State-of-the-art machine learning/AI systems consist of complex pipelines with choices of hyperparameters, models and configuration details that need to be tuned for optimal performance. Azure AutoML is the software for automating the time consuming, iterative tasks of machine learning model development. It allows data scientists, analysts, and developers to build ML models with high scale, efficiency, and productivity all while sustaining model quality
Azure Auto-ML
Azure Automated Machine Learning – cloud-based environment for training, deploying, automating, managing and tracking ML models. Automated machine learning picks an algorithm and hyperparameters for you and generates a model ready for deployment.
Automated ML democratizes the machine learning model development process, and empowers its users, no matter their data science expertise, to identify an end-to-end machine learning pipeline for any problem.
Data scientists, analysts, and developers across industries can use automated ML to:
- Implement ML solutions without extensive programming knowledge
- Save time and resources
- Leverage data science best practices
- Provide agile problem-solving
Benefits for companies:
- Automatically build and deploy predictive models using the no-code UI or through a code-first notebooks experience.
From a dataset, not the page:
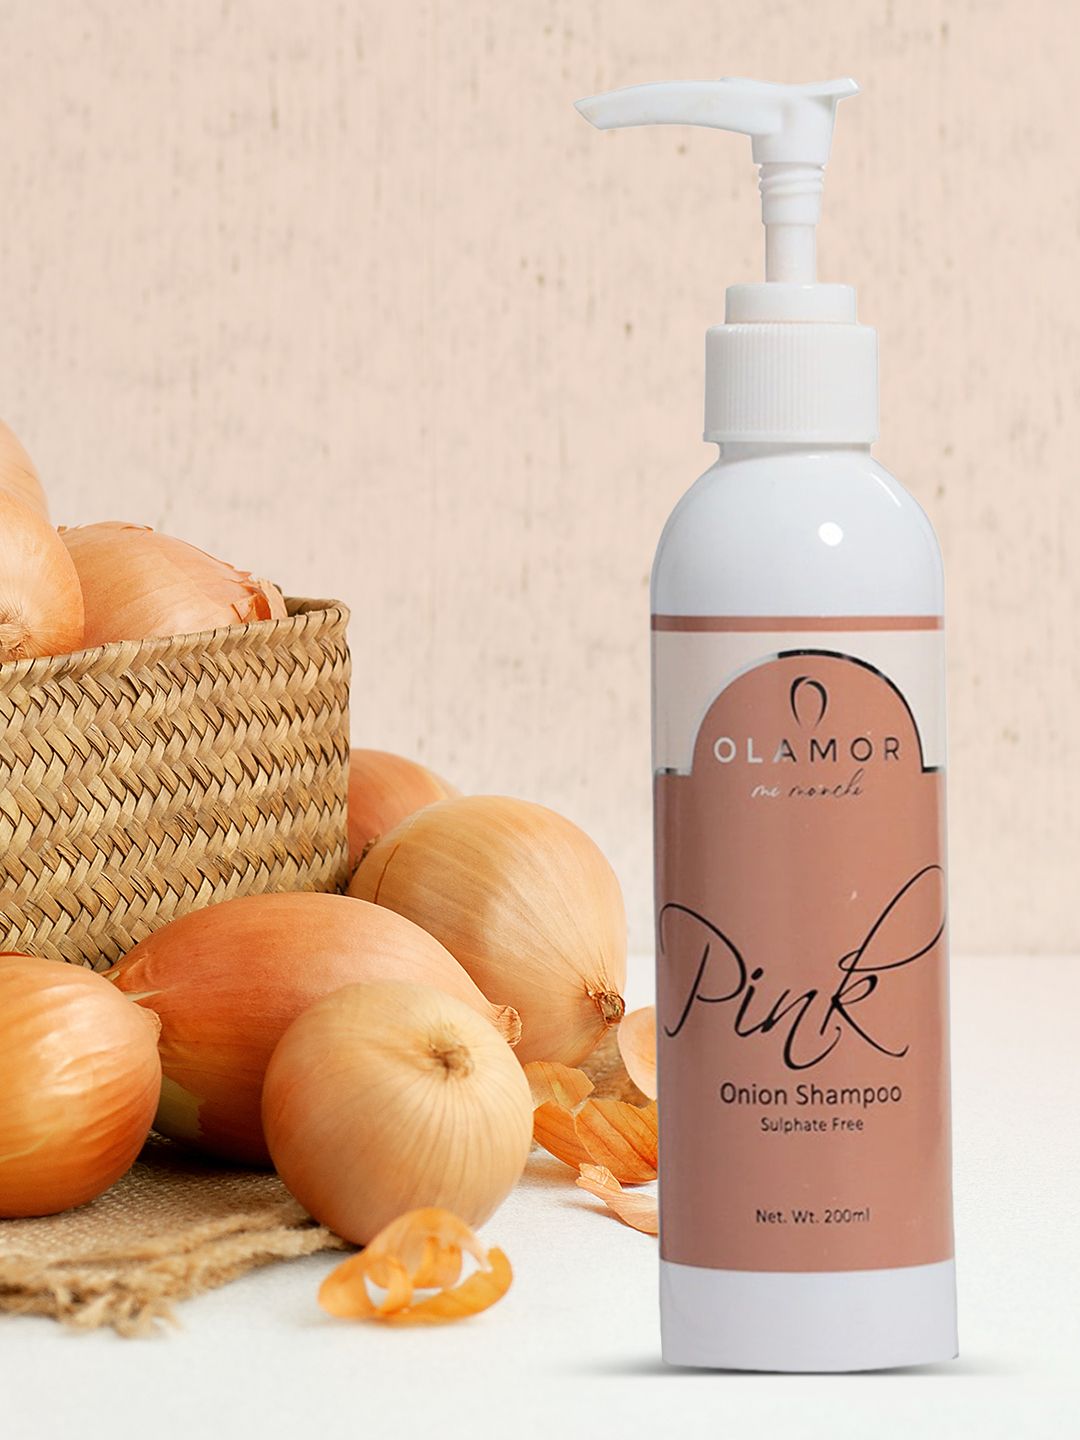 OLAMOR Pink Onion Hair Growth Shampoo 200 ml Price in India

- Increase productivity with easy data exploration and profiling and with intelligent feature engineering.
- Easily create accurate models customized to your data and refined by a wide array of algorithms and hyperparameters.
- Build responsible AI solutions with model interpretability, and fine-tune your models to improve accuracy.
Azure AutoML: classify, regression, & forecast
Azure Automated Machine Learning could be applied to classifications, regressions and forecasting. Classification is a common machine learning task. Azure Machine Learning offers featurizations specifically for these tasks, such as deep neural network text featurizers for classification. Common classification examples include fraud detection, handwriting recognition, and object detection.
Regression tasks are also a common supervised learning task. Azure Machine Learning offers featurizations specifically for these tasks. Different from classification where predicted output values are categorical, regression models predict numerical output values based on independent predictors. In regression, the objective is to help establish the relationship among those independent predictor variables by estimating how one variable impacts the others. For example, automobile price based on features like, gas mileage, safety rating, etc.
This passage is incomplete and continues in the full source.